Casada con el capitán que odiaba

Status: En proceso
Popularitas:80
Nilai: 5
nombre de autor: Leslie Michelle Gonz

Durante diez años, Nina Salcedo creyó estar enamorada del hombre equivocado.
Cuando su socia desaparece y la deja con una deuda de nueve millones de pesos, la única salida llega de la persona que menos esperaba: Santiago Reverte, un capitán de aerolínea frío, arrogante y experto en hacerla perder la paciencia.
El trato parece sencillo: un matrimonio por contrato. Él resolverá sus problemas económicos y ella le dará la esposa que necesita para cumplir con las exigencias de su familia. Sin amor. Sin preguntas. Sin sentimientos de por medio.
Pero Santiago conoce su café favorito, cuida de su abuela a escondidas y siempre aparece cuando ella corre peligro. Mientras tanto, Julián, el amor de toda su juventud, regresa dispuesto a recuperarla y obliga a Nina a cuestionar cada recuerdo que creía verdadero.
Las notas anónimas, los regalos, la bufanda azul y aquel misterioso chico que la protegía en silencio quizá nunca tuvieron nada que ver con Julián.
Porque Santiago no empezó a amarla después de la boda.
Lleva diez años haciéndolo en secreto.

NovelToon tiene autorización de Leslie Michelle Gonz para publicar esa obra, el contenido del mismo representa el punto de vista del autor, y no el de NovelToon.

Capítulo 24

...Nina....

La carretera se abría como una herida entre las montañas.

Santiago manejaba con una mano en el volante y la otra apoyada en la ventana, el viento revolviendo su pelo como si el mundo entero quisiera despeinarlo. Yo iba en el asiento del copiloto con los pies descalzos sobre el tablero —porque sí, porque podía, porque nadie me lo iba a prohibir— y Camila atrás, con sus pestañas postizas, su contour de revista y un perfume tan fuerte que Santiago había bajado las cuatro ventanas sin decir una palabra.

—Pongan música —dijo Camila—. Este silencio me está matando.

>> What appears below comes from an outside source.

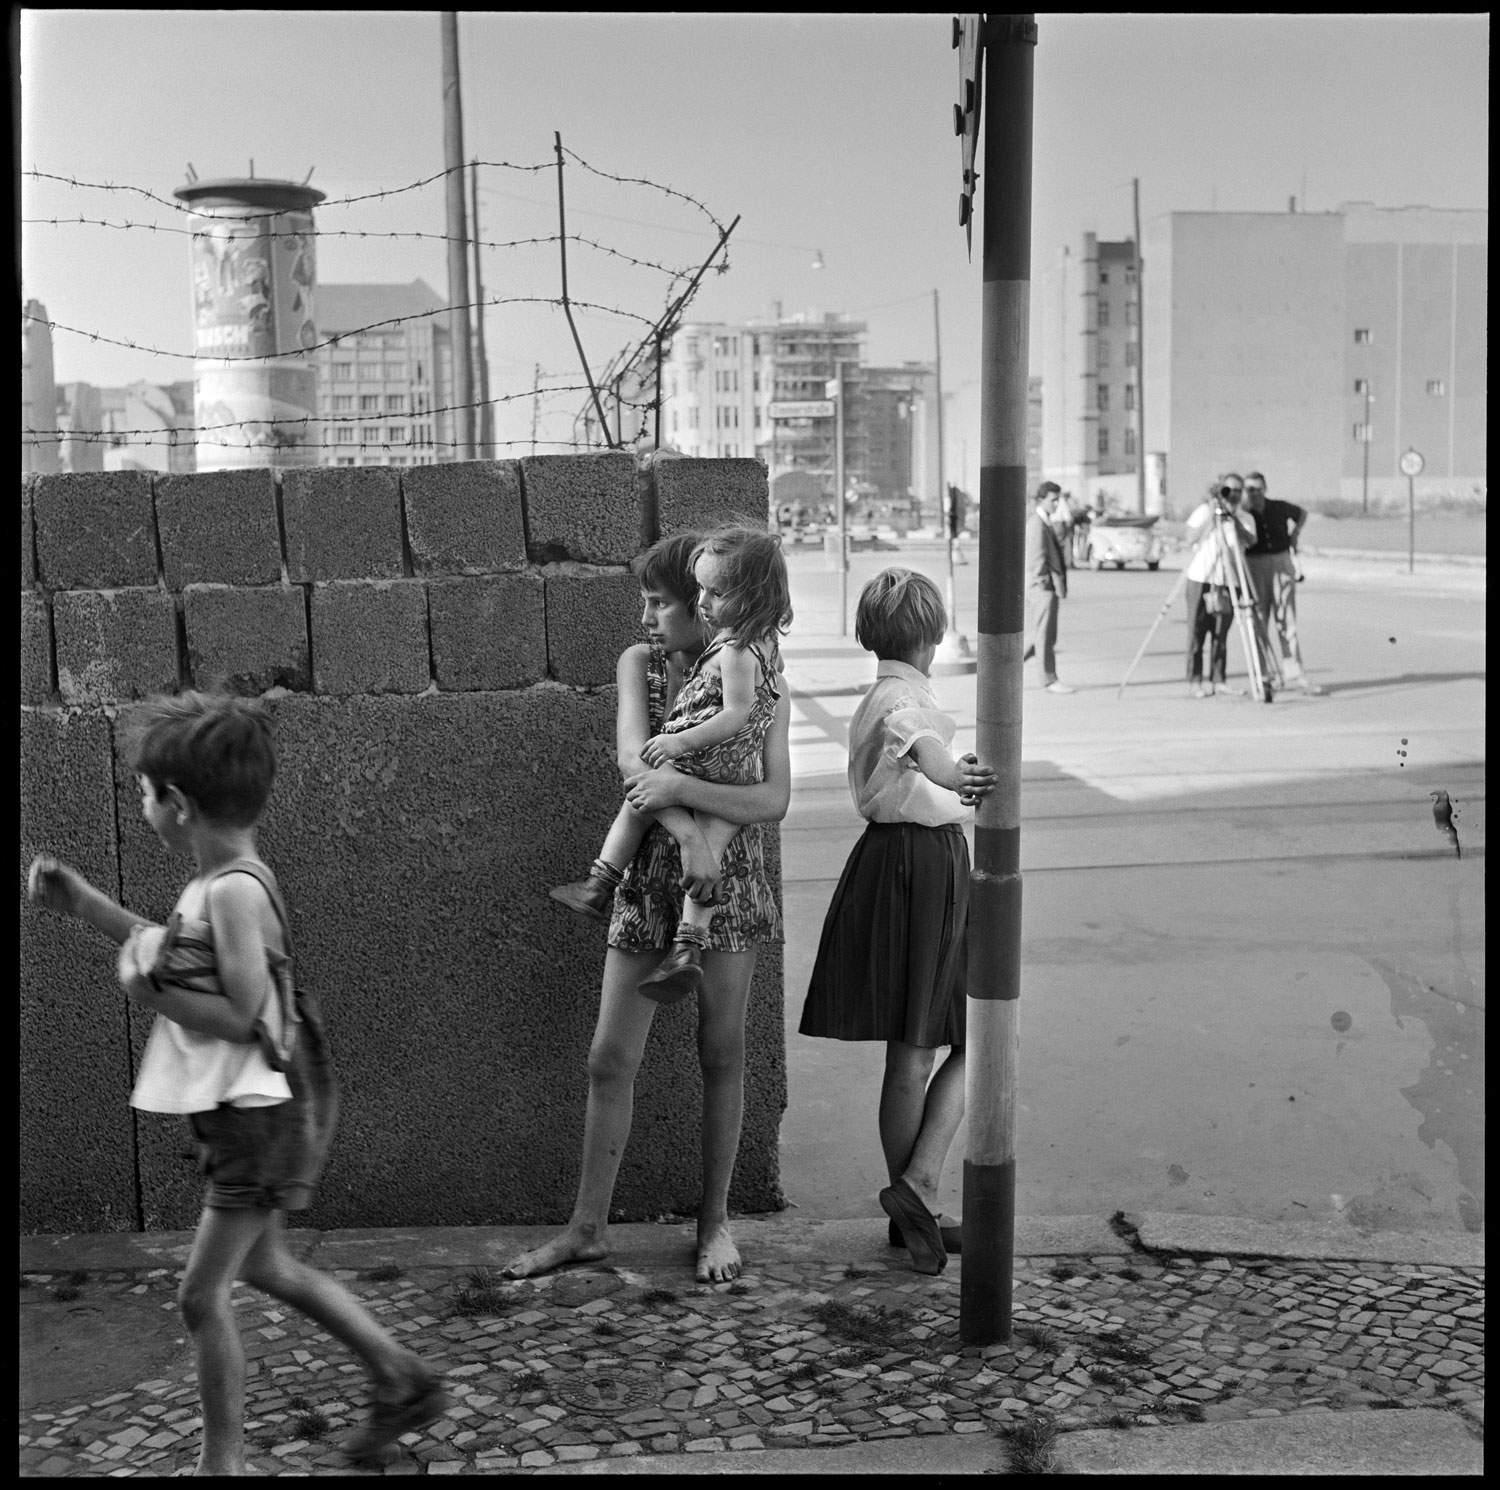 Children playing near a portion of the Berlin Wall at the time of its construction, Friedrichstrasse near Checkpoint Charlie, West Berlin, Germany, August 1961

Conecté mi celular al Bluetooth.

La primera canción que sonó fue una balada. De esas lentas, con guitarra acústica y una voz que te arranca las costillas.

Santiago no dijo nada. Pero vi cómo sus dedos se apretaron en el volante.

Yo miraba el paisaje. Las montañas verdes, los pueblitos que aparecían y desaparecían entre la niebla. Todo olía a tierra mojada y a gasolina y a algo que no podía nombrar.

Entonces Camila me tocó el hombro.

Me incliné hacia atrás.

—Tu marido te está mirando por el espejo —susurró, tan bajito que apenas la oí.

—No es mi...

—Te está mirando como si fueras la última mujer sobre la tierra.

Me enderecé de golpe. Mis ojos se cruzaron con los de Santiago en el retrovisor. Él no apartó la mirada. Yo sí.

Me ardían las orejas.

Camila soltó una risita desde el asiento trasero, y yo subí el volumen de la música como si eso pudiera tapar el latido que me retumbaba en el pecho.

—¿Falta mucho? —pregunté, solo por decir algo.

—Cuarenta minutos —respondió Santiago. Su voz tranquila. Demasiado tranquila.

—¿Y si ponemos reggaetón? —sugirió Camila.

—No —dijimos Santiago y yo al mismo tiempo.

Nos miramos.

Él sonrió. Apenas. Esa sonrisa que le nacía en la comisura izquierda y nunca llegaba a completarse.

Camila sacó su celular y empezó a grabarnos.

—Material para la boda —dijo.

—Camila.

—¿Qué? Solo documento la realidad.

El cañón apareció de pronto, como si la tierra se hubiera partido en dos. Paredes de roca rojiza cayendo en vertical hacia un río que brillaba allá abajo, diminuto, furioso. El resort estaba al borde, con cabañas de madera y una terraza que daba al vacío.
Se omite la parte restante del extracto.